Wednesday, June 22, 2005
Nothing makes blogging harder-with the exception of having your fingers broken--than being sure that you are, yet again, about to embark on another two or three months of being the only income in your household.
The feeling in the pit of my stomach is like that moment when the roller coaster starts to move and you know in your head that it's going to come back to the station, but at that second, you don't quite believe it.
Sometimes, not very often, I take to my bed. It's the one really indulgent self-pitying thing I do whenever the Butcher quits his job. I go upstairs and lay down and just succumb to every fear I have and then fall asleep and get up and go to work and figure, well, I'm not dead yet.
The Butcher has not, as far as I know, quit his job, but the day is still young and he has it in his head that that's what he's going to do.
I am sad, folks, that I don't have enough money to not care whether or not he has a job.
8 Comments:
I don't get why The Butcher can decide on a whim not to be responsible for his part of the financial needs of the household. Why does he think that's OK?
OOOH, Aunt B, this is a tough one.
Sorry. I know it must be hard.
Because, in my family, the women take care of them men and though I always thought I would never do that, here the fuck I am.
Because nothing bad will happen as a result of this. I won't kick him out because I promised my dad I wouldn't. Because the women take care of the men and I agreed to keep the Butcher for as long as necessary in order to take care of my dad.
Jesus Christ, the thing that really depresses me and makes me angriest about this is seeing the ways in which I am trapped in the very gender dynamics I've insisted will never ensnare me.
Well, here I am, poised to take care of everyone, yet again.
The worst part is that I really like having him around. I don't want him to move out. I want him to stay and keep me company and such.
I really, really want him to find something that makes him happy and I want him to be willing to be daring enough to do it.
But I want him to do it. I want him to want something bad enough that he's willing to risk succeeding.

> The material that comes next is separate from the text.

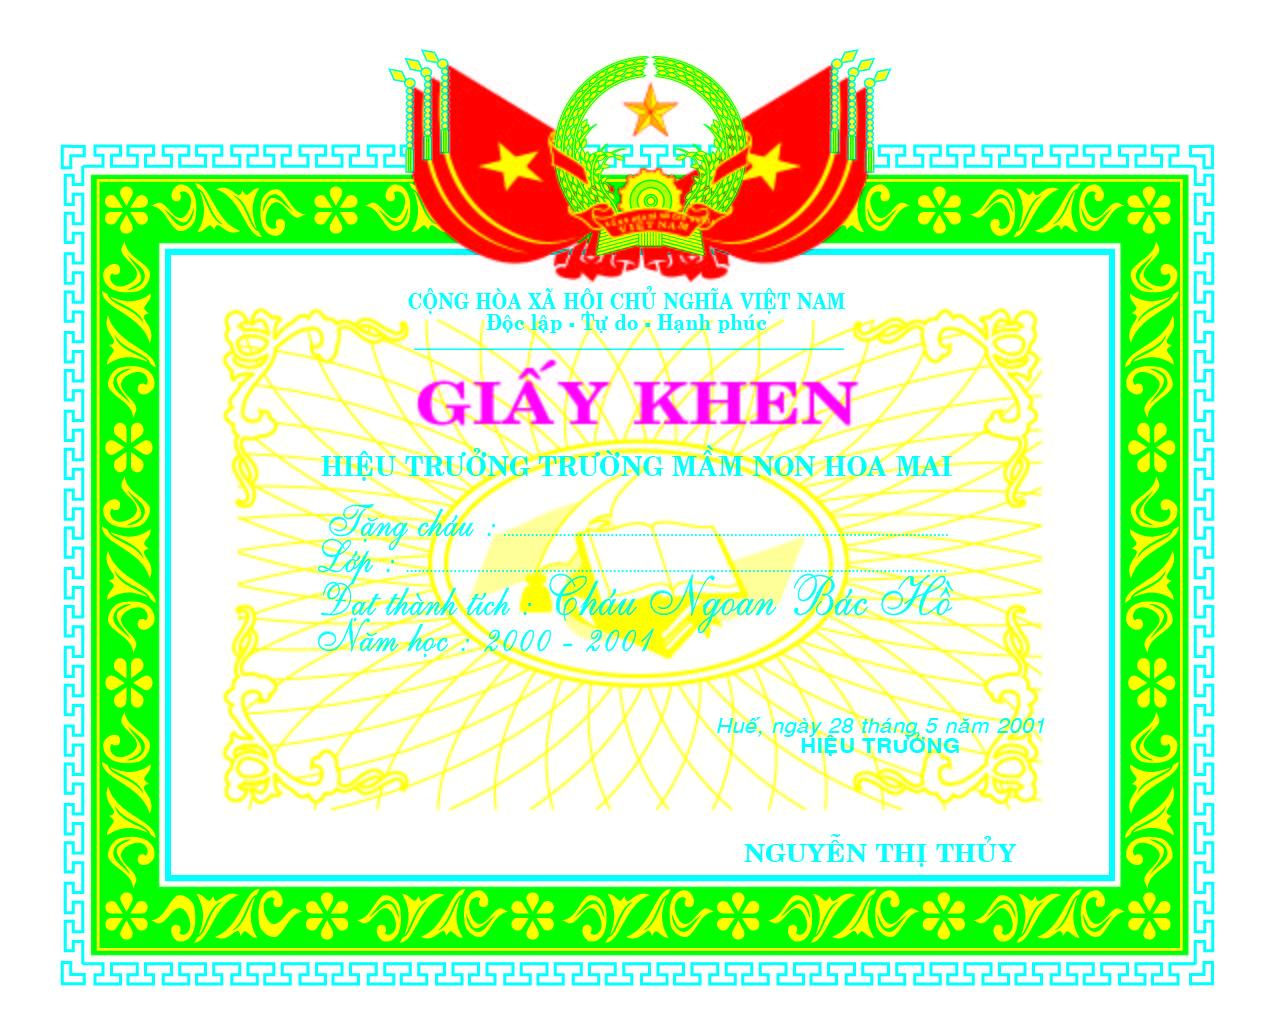 Mẫu giấy khen 036 - Mẫu giấy khen trường mầm non - link download : https://adsnew.net/UyLV
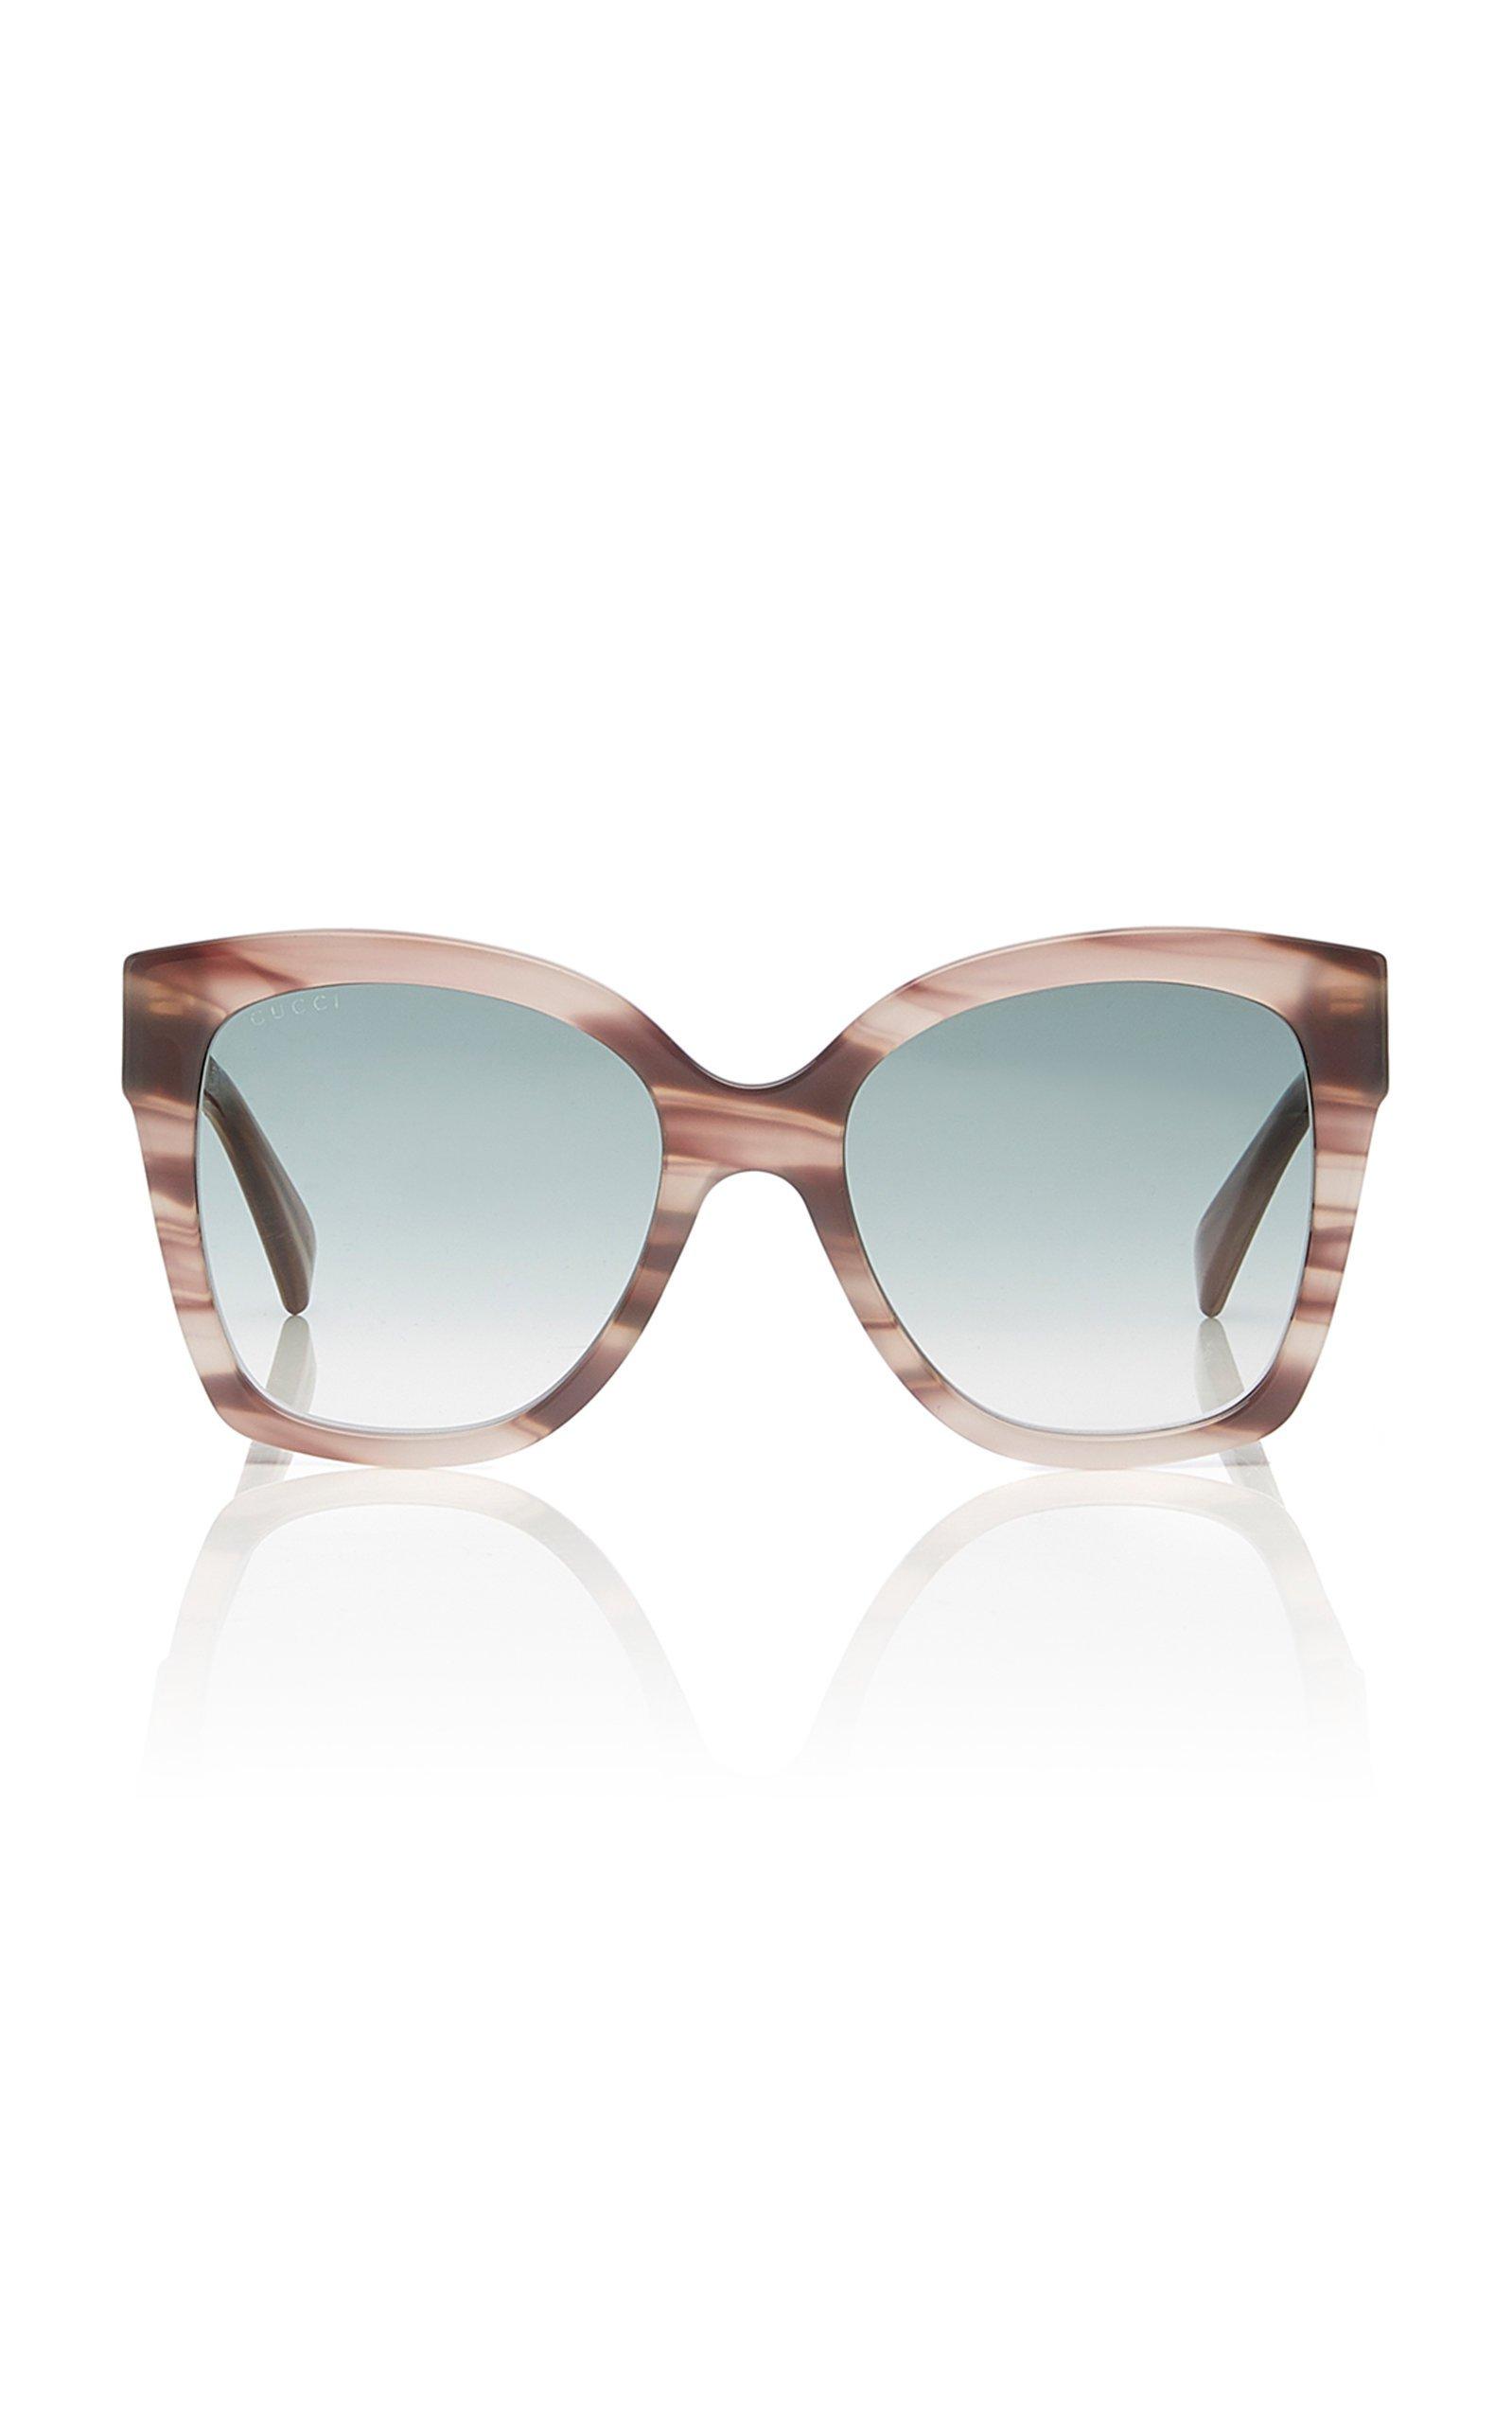 Gucci Sunglasses Marbled Acetate Square-Frame Sunglasses

And I guess I feel like he's not going anywhere--that's not an option--so how can I both provide him with this enormous gift (the space and time to get his head out of his ass) and provide myself with a feeling of security without, most importantly, me being put in a position of mothering him, which is what my parents really want, for me to take him by the hand and lead him to do the things they think he should do--go to college, get a better job, etc.
I have no answers. I'm such a fraud.
Ah, well, what can you do? No one is quite the person she wishes she were.
You're too hard on yourself. That's part of the big sister thing. I know. I have 7 younger sibs. And one of them lived with me on and off for several years. Thankfully, she finally came into herself.
Your love for your brother is touching. And it's hard to be tough, I sure know that. Even when we know that is exactly what will help them the most.
I'll be sending prayers/good thoughts your way.
OH. MY. GOD. Let me tell you about my brother. My older brother. (I'm the youngest of seven kids--four girls, three boys). Very patriarchal household, except my dad split when I was 13. ANYWAY, my brother, the baby boy of the family, came to live with me in DC when I was 23 and fresh out of college with my baby bureaucrat job. He came for a week and stayed in my one bedroom apartment, sleeping in the living room for six fucking months. I finally kicked him out. During this time he didn't get a job for quite awhile--starbucks was too fancy for him with his college degree (even though I worked months as a temp typing and answering phones because I had to pay rent). My freeloading brother then freeloaded on my father, then fifteen years later here he is in Oregon. There's more to this story, but what is it with freeloading brothers and male-worship-rescue culture in general?
ok so heres your answer: let him quit his job, then make him wish he was anywhere but at home. boys dont like discomfort - it will work.
Aunt B, I can relate. I live with my little brother-(he's 38). And I have to be the grown-up. I'm responsible for the bills, making sure the cat is fed and watered, replenishing toilet paper and laundry soap. His money is for his expenses. Child support and chocolate milk and cereal Yes, you read that right: he's 38.
I feel for you B. It's hard being responsible for the coddled boy(s) of a family. I refer to my brother as my retarded foster child.
I'm glad you at least enjoy the Butcher's company. Once I unload my little brother when we sell this house, I have no desire to remain in contact with him.
I'll pray for both of you to be liberated. Good luck.
Y'all are so great. I'm glad to know that others have been through this and worse--38, that's scary.
At least when I got home from work, he was not here. I'm going to believe that he is at work.